William batard bread Conqueror: hero or villain? His modern heroic reputation results from the deliberate distortions of evidence by his contemporaries.

Conquerors who control the historical record are generally feted as heroes. What we know of William comes to us from his admirers rather than his critics. From long before 1066, the writing of history in Normandy consisted of panegyrics in praise of the ruling dynasty. William and his ancestors, descended from pagan Vikings, were determined to prove the legitimacy of their rule over northern France. 1066 to explain why William and the Normans secured so unexpected and total a victory. The most obvious explanation was that the Norman conquest was God’s punishment for England’s sins. A positive spin was applied even to the circumstances of William’s birth.

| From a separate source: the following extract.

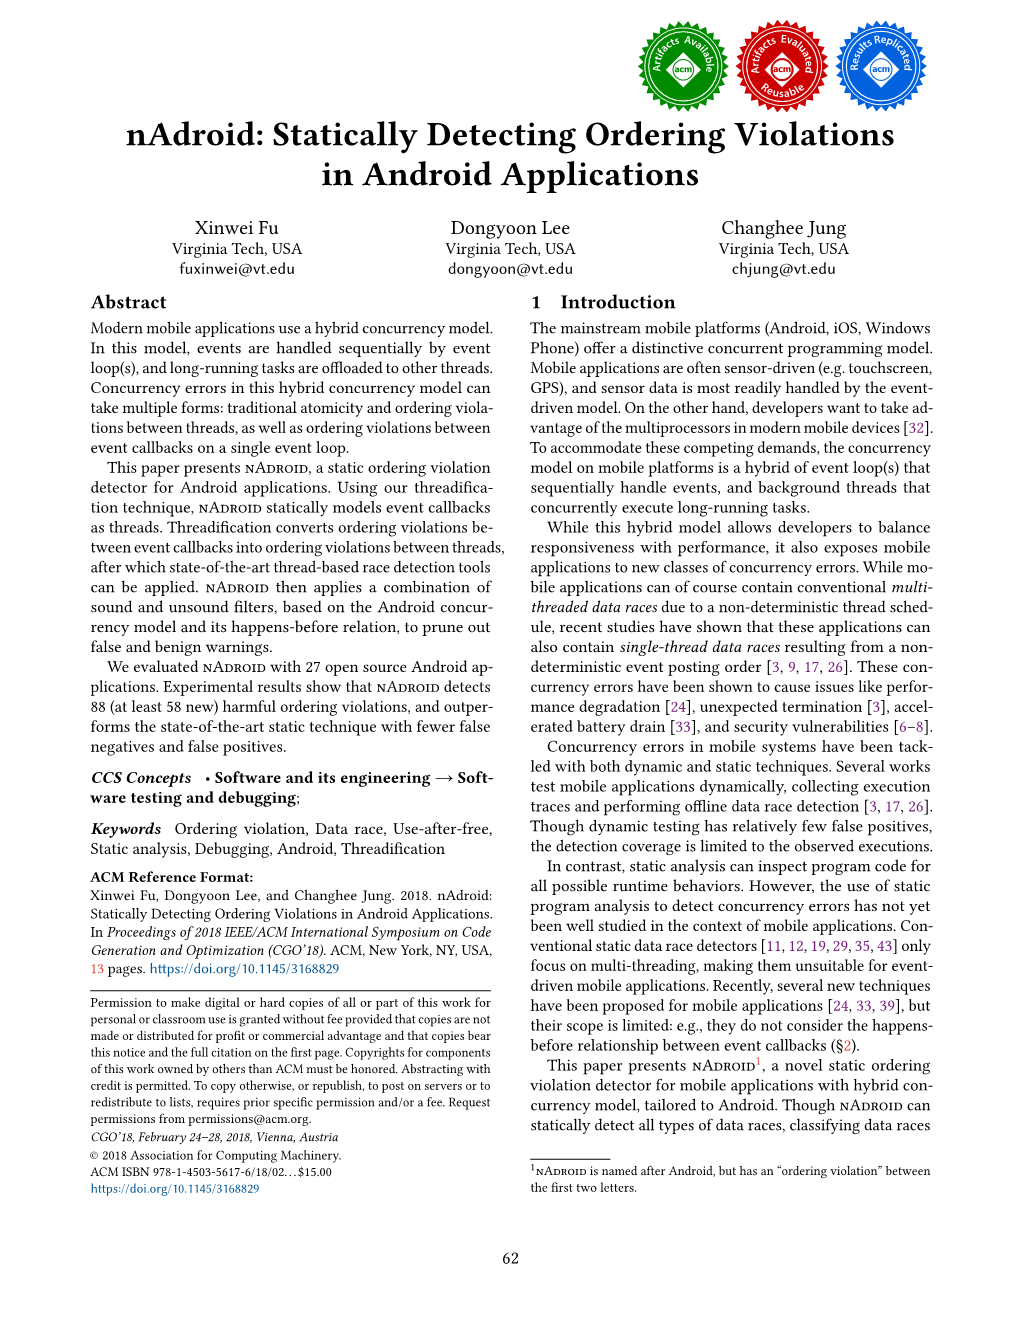 Nadroid: Statically Detecting Ordering Violations in Android Applications

In theory, no illegitimate son could sit on a ducal throne, let alone a royal one. Yet there is no doubt that William was illegitimate. The events at Alençon were themselves symptomatic of a political crisis in Normandy that the chroniclers were tantalisingly reluctant to report. Duke Robert died in 1035 while on pilgrimage to Jerusalem, leaving no legitimate heir. Aged only about eight, William was caught in a power struggle that took more than two decades to resolve. Normandy fissured between various factions backed by the neighbouring rulers of France, Brittany and Anjou.

At least two of William’s tutors were murdered. Acting in association with the king of France, in 1047 he defeated his rivals from western Normandy in battle at Val-ès-Dunes. The opposition was then hunted down, killed or exiled. In 1050 or 1051, to consolidate support from the north, William married Matilda, daughter of the Count of Flanders.